Lo más raro que he visto en un SexShop de al lado de casa

Si hay una cosa que me chifla de los sex shop es que son ese género de tiendas que siempre y en todo momento tienen la capacidad de sorprenderte, incluso cuando hayas estado decenas y decenas de veces. Y es que la imaginación del humano no tiene límite, ¿cierto? ¿No os ha pasado jamás que habéis entrado en uno y os habéis quedado mirando algo que, de ninguna forma, comprendíais para qué exactamente servía?

A mí me chifla esa sensación de sorpresa y ver de qué manera siempre y en toda circunstancia hay cosas nuevas para demostrar que ni tan siquiera se te habían pasado por la cabeza.
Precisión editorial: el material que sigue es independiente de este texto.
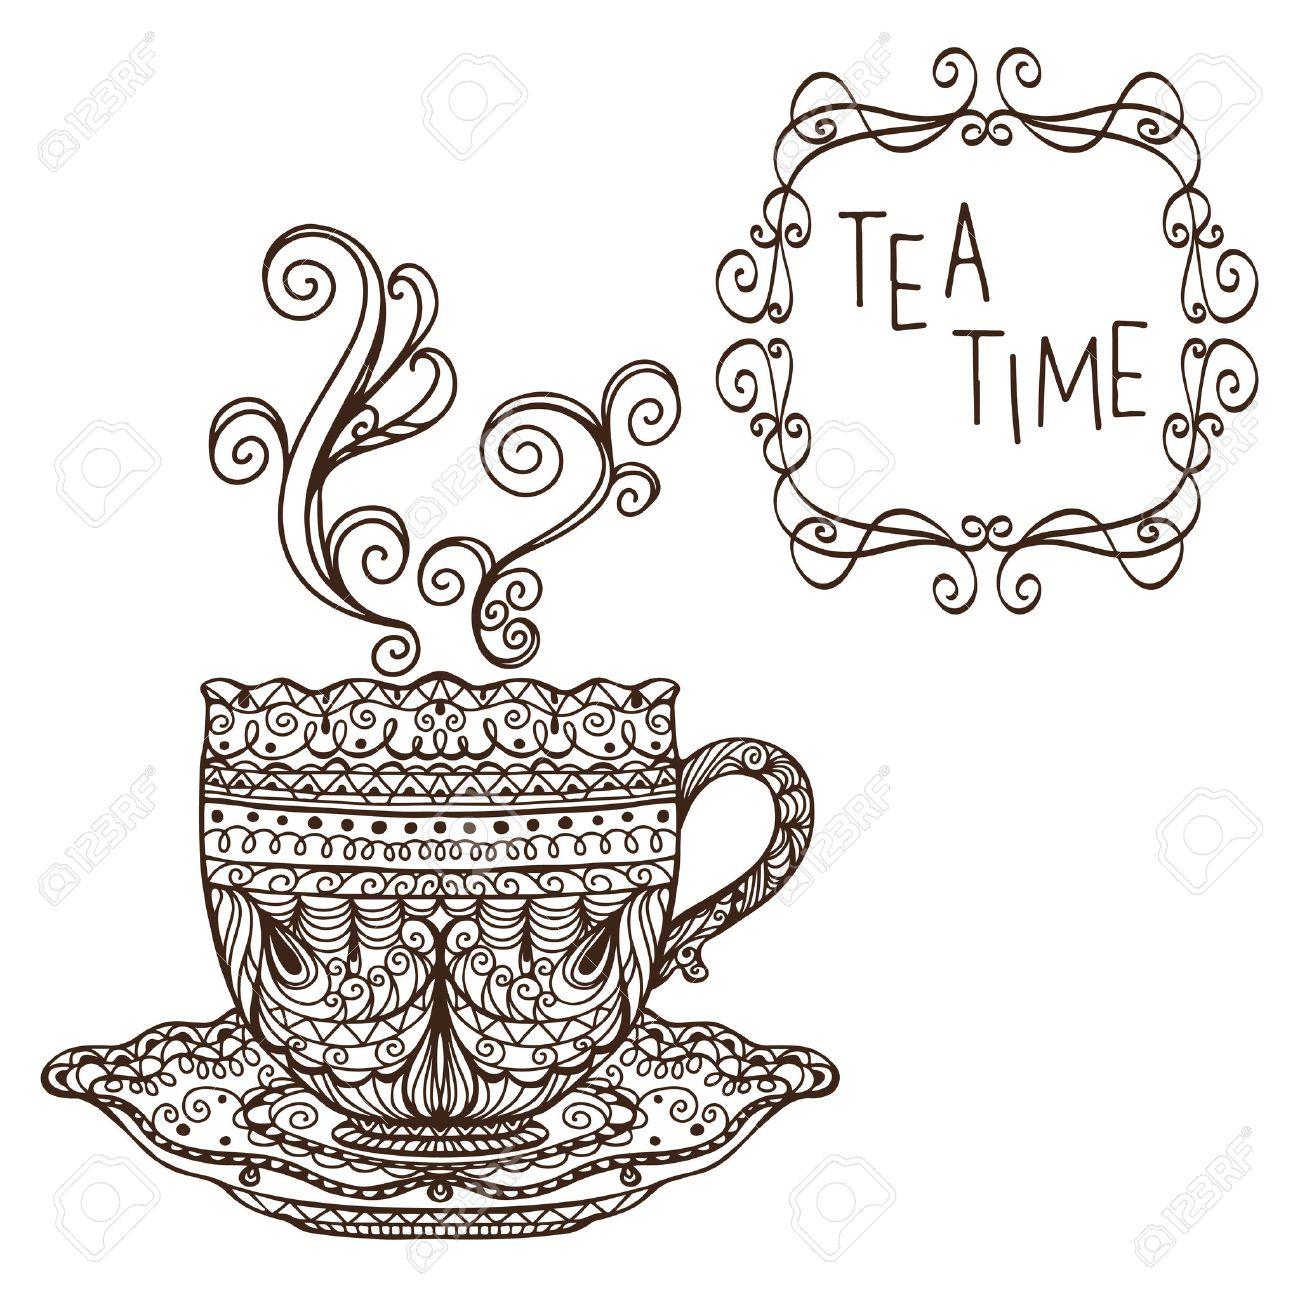 Elegant tea party invitation template with teacups cartoon vector - Tea Party Vintage Background Vector Stock Vector 22567551

Lo cierto es que en más de una ocasión me he encontrado con juguetes que me han dejado desvariada a lo largo de días o bien semanas, y no he podido parar de pensar en ellos en un buen tiempo. ¿Deseáis saber cuáles son?

El Pussy foot no lo he visto en riguroso directo, mas sí en la web de un sex shop extranjero: consiste en unos pies de mujer hechos de silicona, con las uñas pintadas y todo, y por la una parte de abajo tiene una vagina. En resumen, no hace falta explicar más, ¿no?

El Dildo Gas Mask es solo para las más perversas: se trata de un consolador que va unido a una máscara de gas. Y a fin de que puedas respirar, el cilindro está hueco y tiene un agujero en el extremo y otro en la máscara. Un invento para los más audaces, está claro; a mí ese rollo obscuro me parece morboso, ¿y a ti? 

Aquí va el segundo puesto de las cosas más extrañas que me he encontrado en un sex shop: el Anal Ring Toss. Esencialmente consiste en un bastón que se introduce por el ano, dejando una parte fuera. La otra persona tiene a su predisposición una serie de aros que deberá lanzar hasta atinar en el extremo del consolador que queda a la vista.

Si la puntería jamás fue tu fuerte, aquí tienes una buena motivación para ponerte a practicar. Además de esto, no deja de tener cierta semejanza con los juegos de feria tan propios de la niñez, es por esto por lo que tiene un doble morbo añadido… 

Y en exactamente la misma línea, este es el objeto que más me ha desequilibrado de todo cuanto he visto en un sex shop: I Rub my Duckie, un vibrador resistente al agua que tiene forma de pato de goma. Sí, sí, el que todos hemos tenido de pequeños. ¿Va a ser que es una versión malvada de algo tan infantil lo que me pone tan a 100 de este juguete? No lo sé, ¡me chifla!

El otro día compré en Exxxtasis un par de juguetitos, ya te contaré que tal me lo he pasado…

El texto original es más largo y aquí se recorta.